Compare two or more values using <, >, =, <=, >=, and !=. They return true or false and can be applied to integers, floats, strings, or symbols.

• < > = <= >= !=
  • syntax: (func-op exp-1 [exp-2 …])
  • Notes:
  • Expressions are evaluated and compared successively.
  • Returns true if all comparisons succeed; nil on first failure.
  • Single argument assumes 0 as second operand.
  • Can compare atoms, numbers, symbols, strings, and lists.
  • Lists are compared element-wise; longer lists are greater if elements match.
  • Mixed types are compared by type precedence; integers and floats are converted as needed.
  • Type precedence (low → high):
    • Atoms: nil, true, integer/float, string, symbol, primitive
    • Lists: quoted list/expression, list/expression, lambda, lambda-macro

Examples:

(< 3 5 8 9)                     ;-> true
(> 4 2 3 6)                     ;-> nil
(< "a" "c" "d")                 ;-> true
(>= duba aba)                   ;-> true
(< '(3 4) '(1 5))               ;-> nil
(> '(1 2 3) '(1 2))             ;-> true
(= '(5 7 8) '(5 7 8))           ;-> true
(!= 1 4 3 7 3)                  ;-> true

(< 1.2 6 "Hello" 'any '(1 2 3))           ;-> true
(< nil true)                              ;-> true
(< '(((a b))) '(((b c))))                 ;-> true
(< '((a (b c)) '(a (b d)) '(a (b (d)))))  ;-> true

; Single argument compares against 0
(> 1)    ;-> true ; checks for positive
(> -1)   ;-> nil  ; checks for negative
(= 123)  ;-> nil  ; checks for zero

; list is single argument, members are compared against 0
(map > '(1 3 -4 -3 1 2))   → (true true nil nil true true)

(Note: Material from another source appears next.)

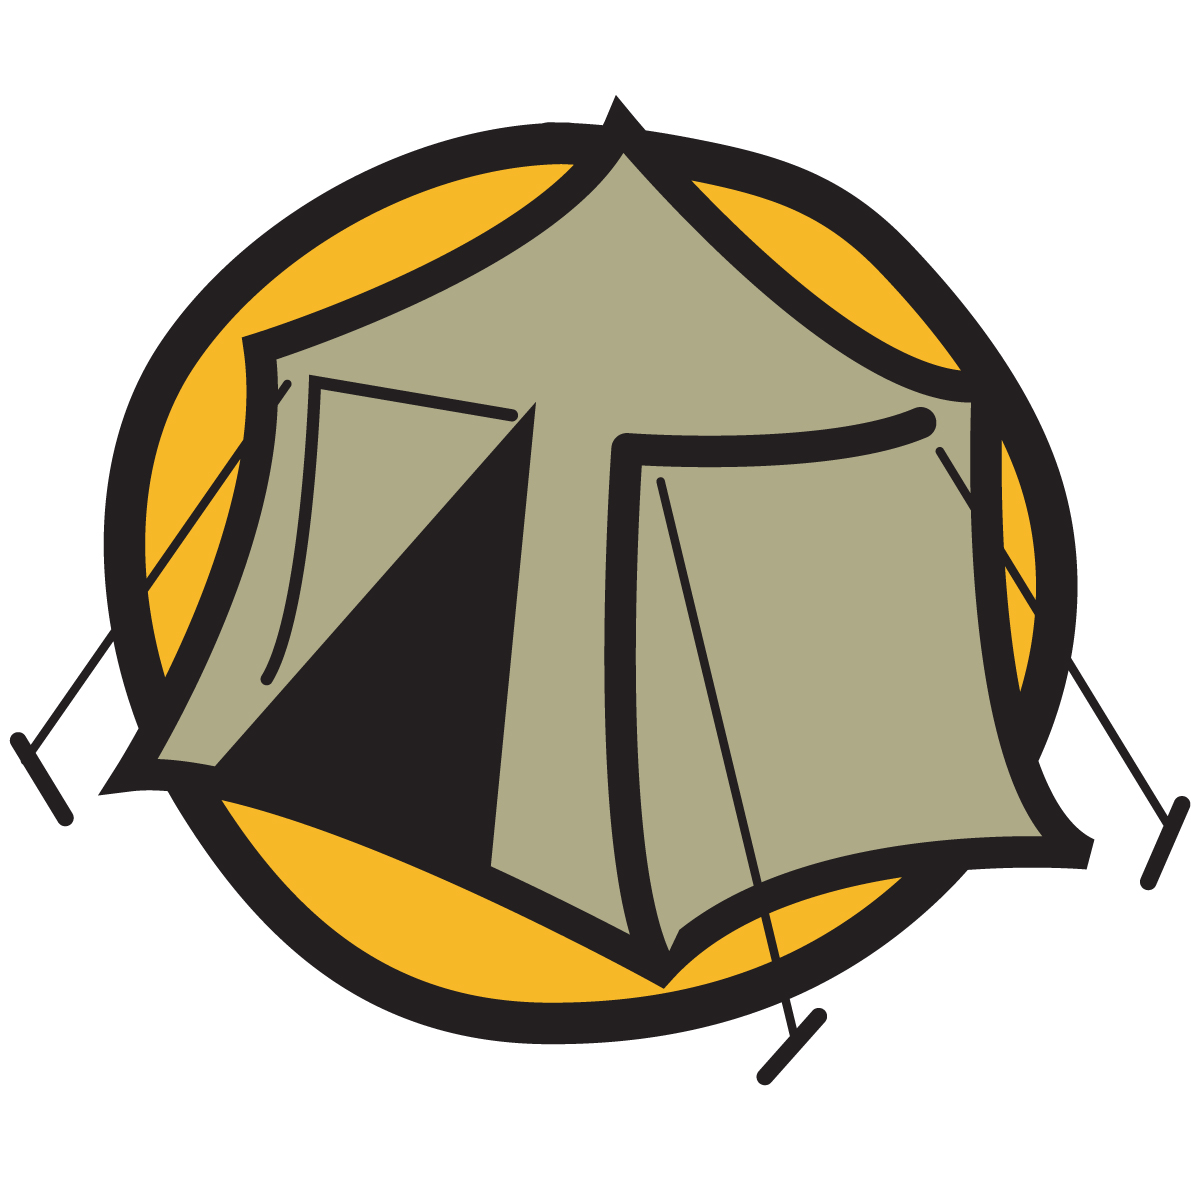 Tent And Campfire Clipart | Clipart library - Free Clipart Images

Moving bits with bit shift functions

• <<,>>
  • syntax: (<< int-1 int-2 [int-3 …])
  • syntax: (>> int-1 int-2 [int-3 …])
  • syntax: (<< int-1)
  • syntax: (>> int-1)
  • Notes:
  • int-1 is shifted left or right by int-2 bits, then by int-3, and so on.
  • Shifting right duplicates the most significant bit (arithmetic shift).
  • For 64-bit integers, shifting up to 63 bits is possible.
  • With a single argument, shifts by one bit.
  • &
  • syntax: (& int-1 int-2 [int-3 … ])
    • A bitwise and operation is performed on the number in int-1 with the number in int-2, then successively with int-3, etc.
  • |
  • syntax: (| int-1 int-2 [int-3 … ])
    • A bitwise or operation is performed on the number in int-1 with the number in int-2, then successively with int-3, etc.
  • ^
  • syntax: (^ int-1 int-2 [int-3 … ])
    • A bitwise xor operation is performed on the number in int-1 with the number in int-2, then successively with int-3, etc.
  • ~
  • syntax: (~ int)
    • A bitwise not operation is performed on the number in int, reversing all of the bits.

Examples:

(>> 0x8000000000000000 1) ;-> 0xC000000000000000 - not 0x0400000000000000!

(<< 1 3)      ;->  8
(<< 1 2 1)    ;->  8
(>> 1024 10)  ;->  1
(>> 160 2 2)  ;-> 10

(<< 3)        ;->  6
(>> 8)        ;->  4

(& 0xAABB 0x 000F) ;-> 11 which is 0xB
(| 0x10 0x80 2 1)  ;-> 147
(^ 0xAA 0x55)      ;-> 255
(format "%X" (~ 0xFFFFFFAA)) ;-> "55"
(~ 0xFFFFFFFF)               ;-> 0

Define user function or assign a value to a symbol

• define
  • syntax: (define (sym-name [sym-param-1 … ]) [body-1 … ])
  • syntax: (define (sym-name [(sym-param-1 exp-default) … ]) [body-1 … ])
  • syntax: (define sym-name exp)
  • Notes:
  • Define is equivalent to assigning a lambda expression to sym-name.
  • Function call:
    • All arguments are evaluated and assigned to parameters.
    • Body expressions are evaluated.
    • Returns the last expression evaluated in the body.
  • Parameters are optional:
    • Without argument, parameter defaults to nil.
    • If exp-default is provided, parameter takes that value.
  • define itself returns the assigned lambda expression.
  • See also: lambda, fn, set

Examples:

Define and call the function func1

(define (func1) 7) ;-> (lambda () 1)
;        ^name  ^value to return (the last expression)
(func1) ;-> 7
;  ^call function

Define function with parameter

;             parameter x
;             |
(define (area x) (* x x))
;        ^name      ^multiplication of x is returned
(area 5) ;-> 25
;     ^argument for parameter x

Define function with default parameter value

Parameters can have default values specified in the function definition

(define (area (x 5)) (* x x))
;                ^default value for x
(area) ;-> 25
(area 51) ;-> 2601

Default expressions are evaluated in the function’s current environment:

(define (area (x 5) (y (div x 2))) (list x y))
;                      ^ default value for y is computed calling (div x 2)
(area)     ;-> (5 2.5)
(area 30)  ;-> (30 15)
(area 3 4) ;-> (3 4) - value for y was provided so no computations is needed

Define function by assigning a lambda expression to sym-name

;     symbol name becomes function name
;     |
(set 'area (lambda ((x 5)) (* x x)))
;          ^--lambda expression---^
(area) ;-> 25
(area 8) ;-> 64

Define function assigning a fn expression to sym-name

Keyword fn is just a shorter form of writing lambda. fn is shorter and more typo prone :)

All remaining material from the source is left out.